The Mystery of Low Wages
Job growth has been robust for years and it was promised that tax cuts would enable corporations to pay higher wages.
According to what economists call the “Phillips curve”, low unemployment should accelerate pay growth, but it just hasn’t happened and no one can explain why. It is almost as if the law of supply and demand has been suspended.
Some economists attribute the problem to the fact that union membership is at an all-time low.
Some economists point to the fact that corporations used their tax cut to buy back their own shares, which
helps stockholders (1/3 of which are foreigners) and executive level employees who own stock or stock options, rather than pay higher wages to ordinary employees.
Some economists blame technology and automation.
But, as said by the chairman of the Fed in an understatement, “…it’s a bit of a puzzle.”
Maybe there is another reason that is at least somewhat to blame.

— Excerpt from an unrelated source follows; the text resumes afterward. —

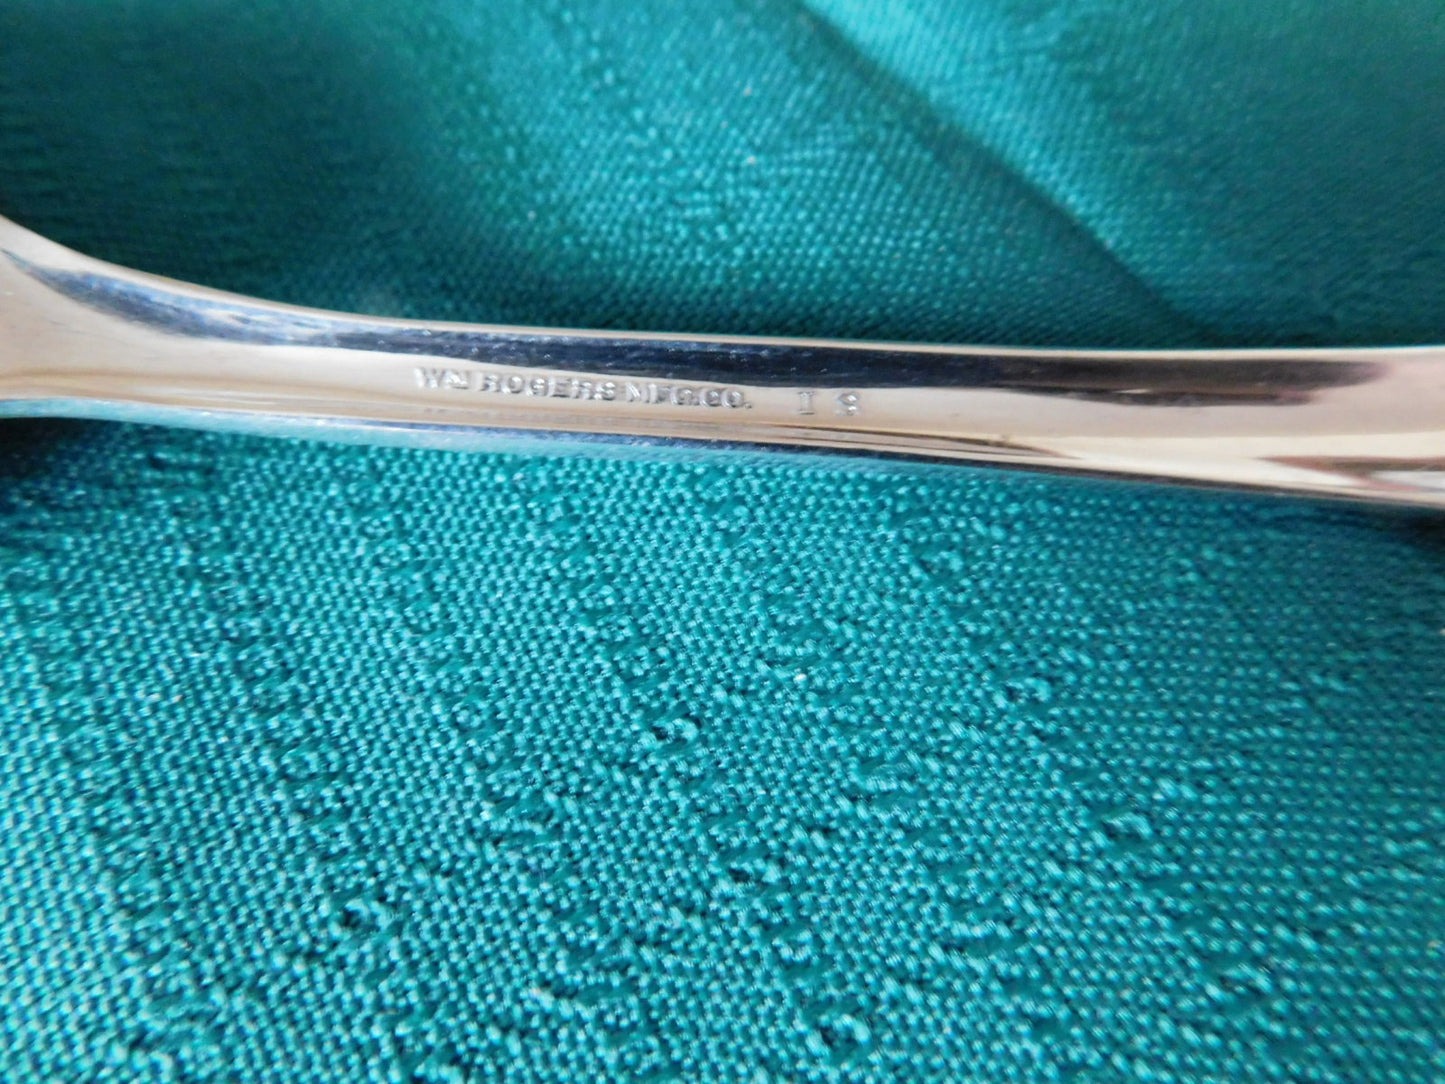 Wm. Rogers Mfg. Meadow Flower (1940) place oval soup spoon VGU - Items Tried And True
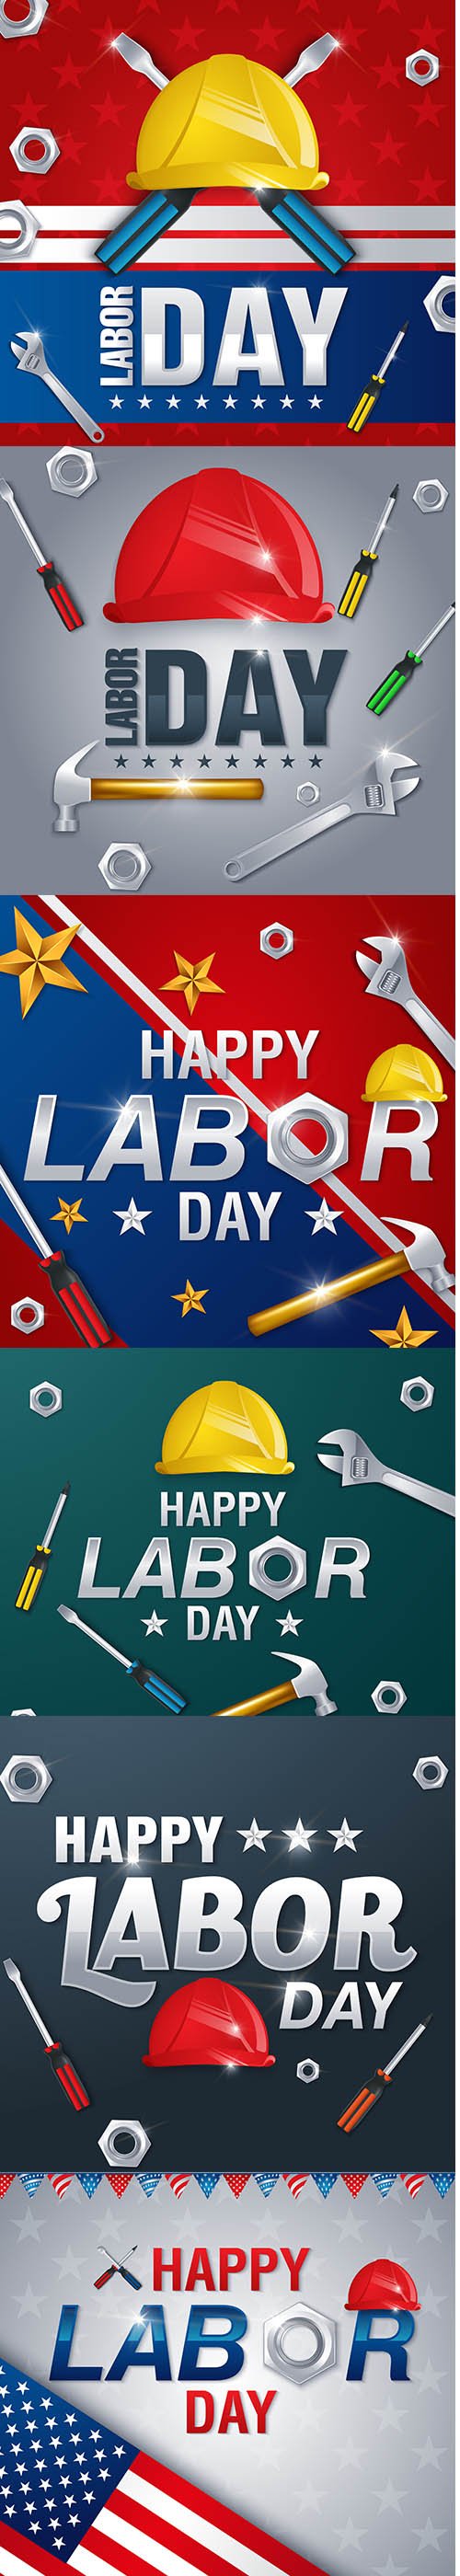 Vector Illustrations of Happy Labor Day USA

Attorneys general in 10 states are investigating whether clauses in fast food franchise agreements are preventing workers from switching jobs and thereby locking them into low-paying positions. These agreements, called “no-poach clauses”, prohibit franchisees from hiring employees away from a fellow franchisee of the same brand.
Fast-food restaurants employ 4.5 million people and have generated more jobs than nearly any other sector since the 2008 recession. These agreements also exist in other industries.
Obviously, these no-poach agreements help business owners by maintaining low wages and reducing employee turnover, but they do so by harming the lowest paid and most vulnerable employees in our economy.